'''

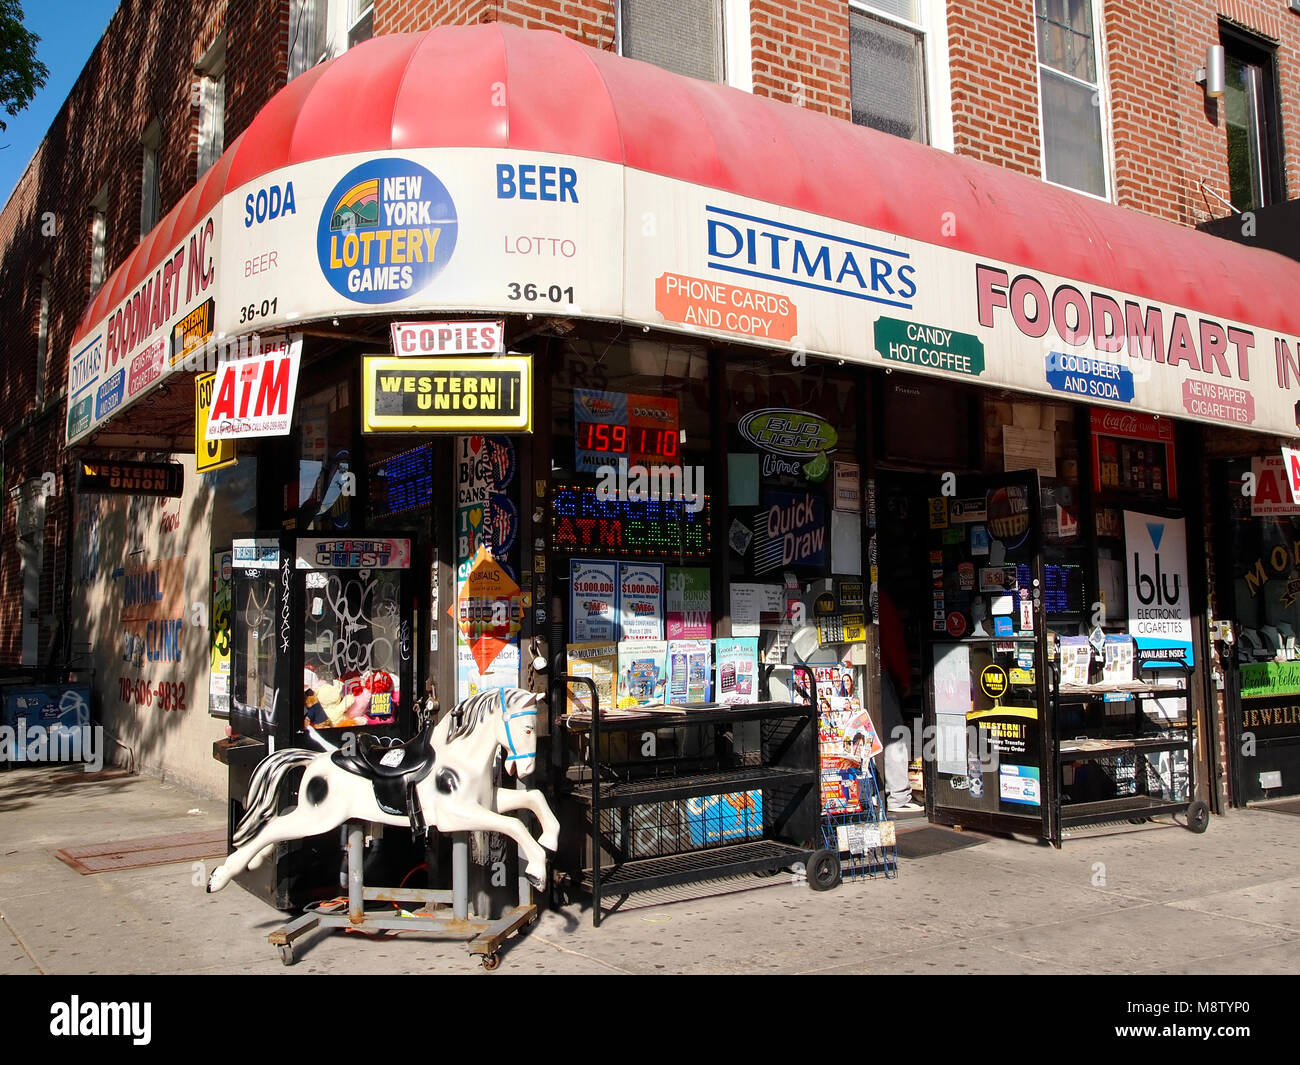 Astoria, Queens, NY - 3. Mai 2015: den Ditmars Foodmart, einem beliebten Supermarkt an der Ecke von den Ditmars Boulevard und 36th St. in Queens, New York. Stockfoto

'''
'''

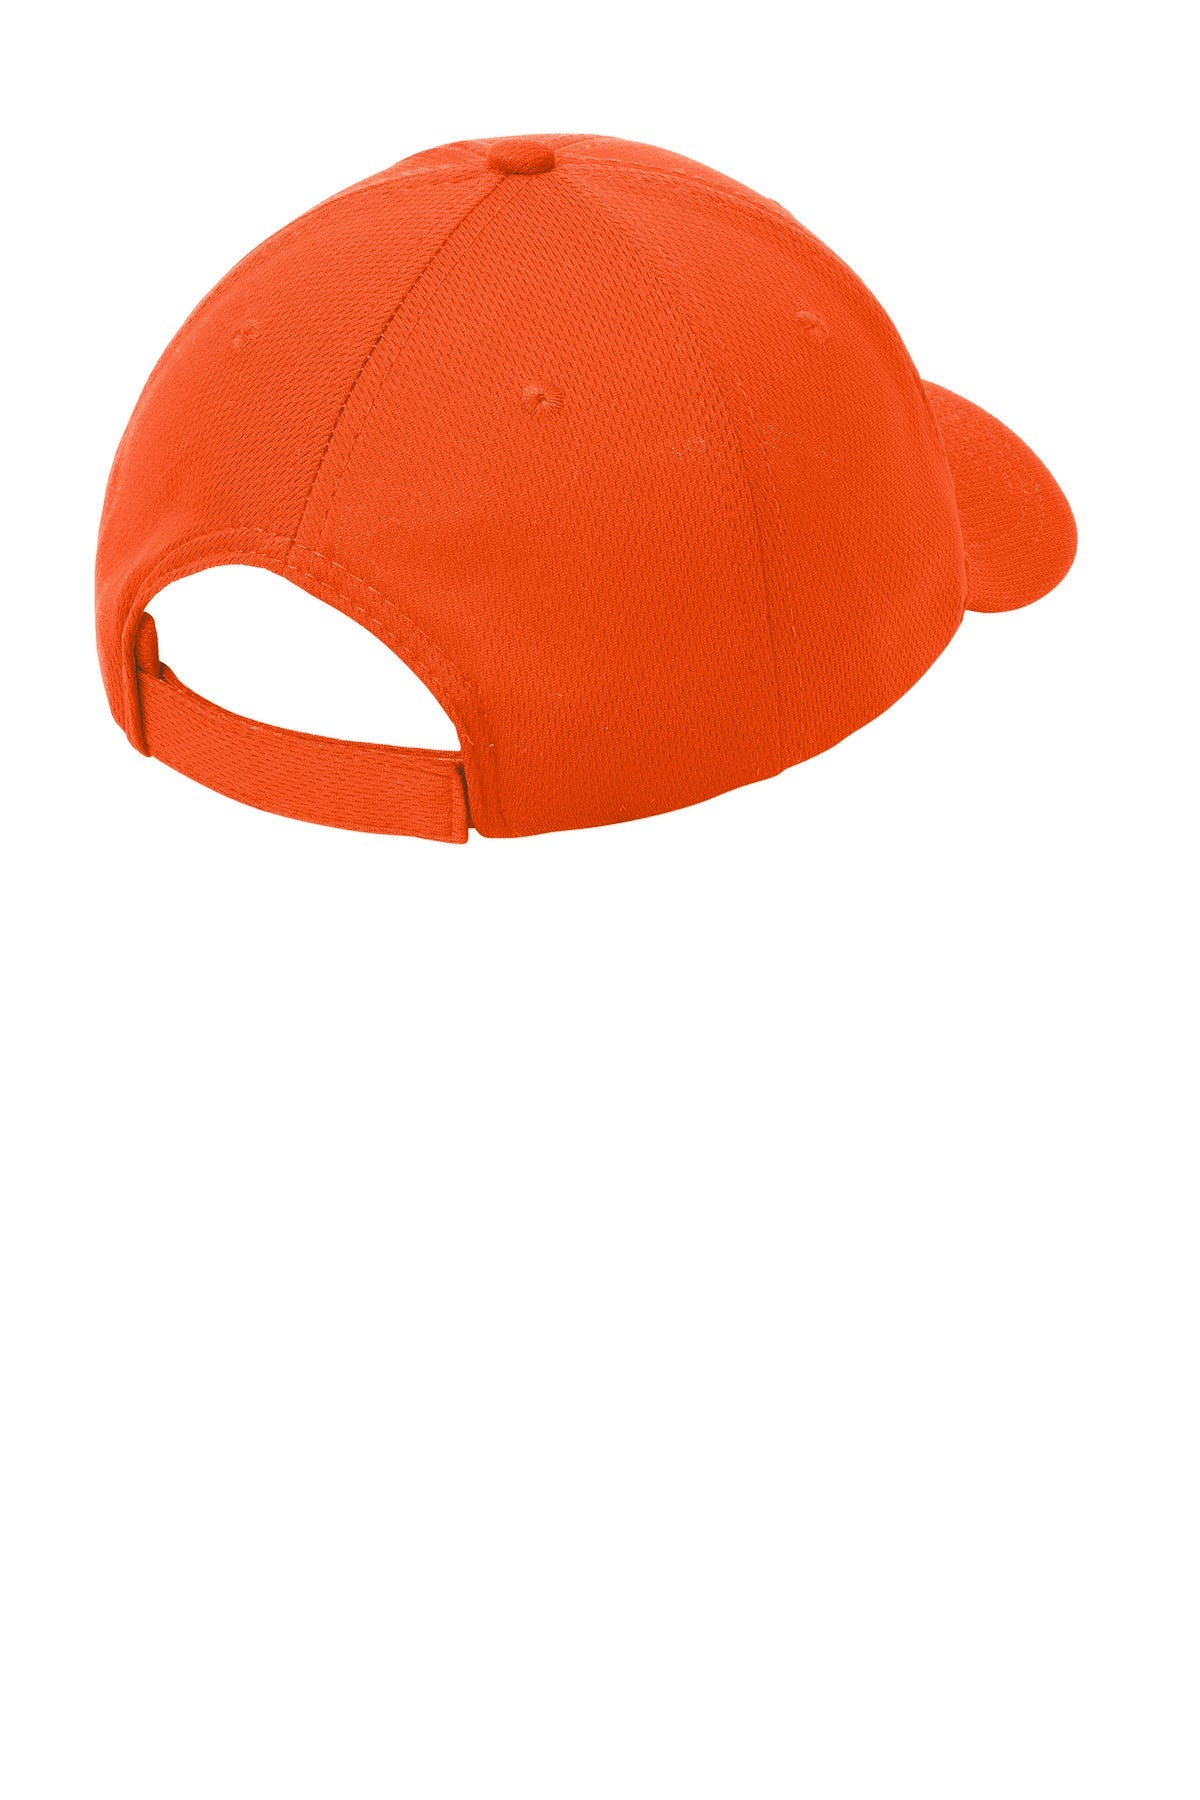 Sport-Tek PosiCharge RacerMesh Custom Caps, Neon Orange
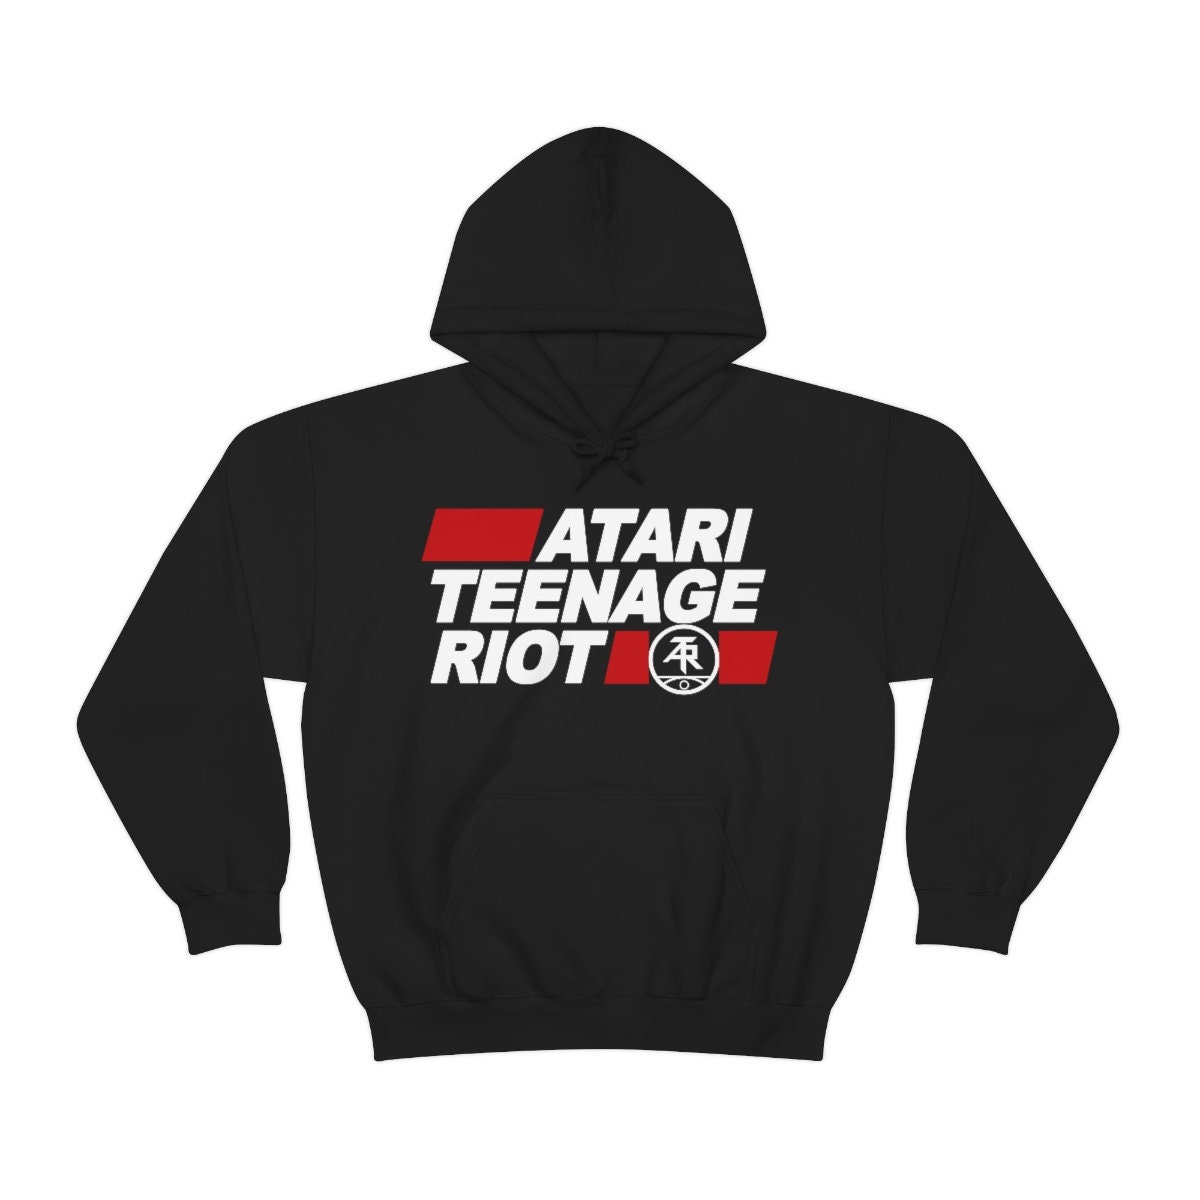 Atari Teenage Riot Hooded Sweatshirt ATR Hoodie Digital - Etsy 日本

'''

**WHAT IS NEEDED:**
What is needed is an exact copy of the lines above from the one with "Sport-Tek PosiCharge RacerMesh" to the one with "Atari Teenage Riot", both ends kept, and nothing more; please leave the pictures out.

**RESULT FOR THIS EXERCISE:**
 Sport-Tek PosiCharge RacerMesh Custom Caps, Neon Orange
 Atari Teenage Riot Hooded Sweatshirt ATR Hoodie Digital - Etsy 日本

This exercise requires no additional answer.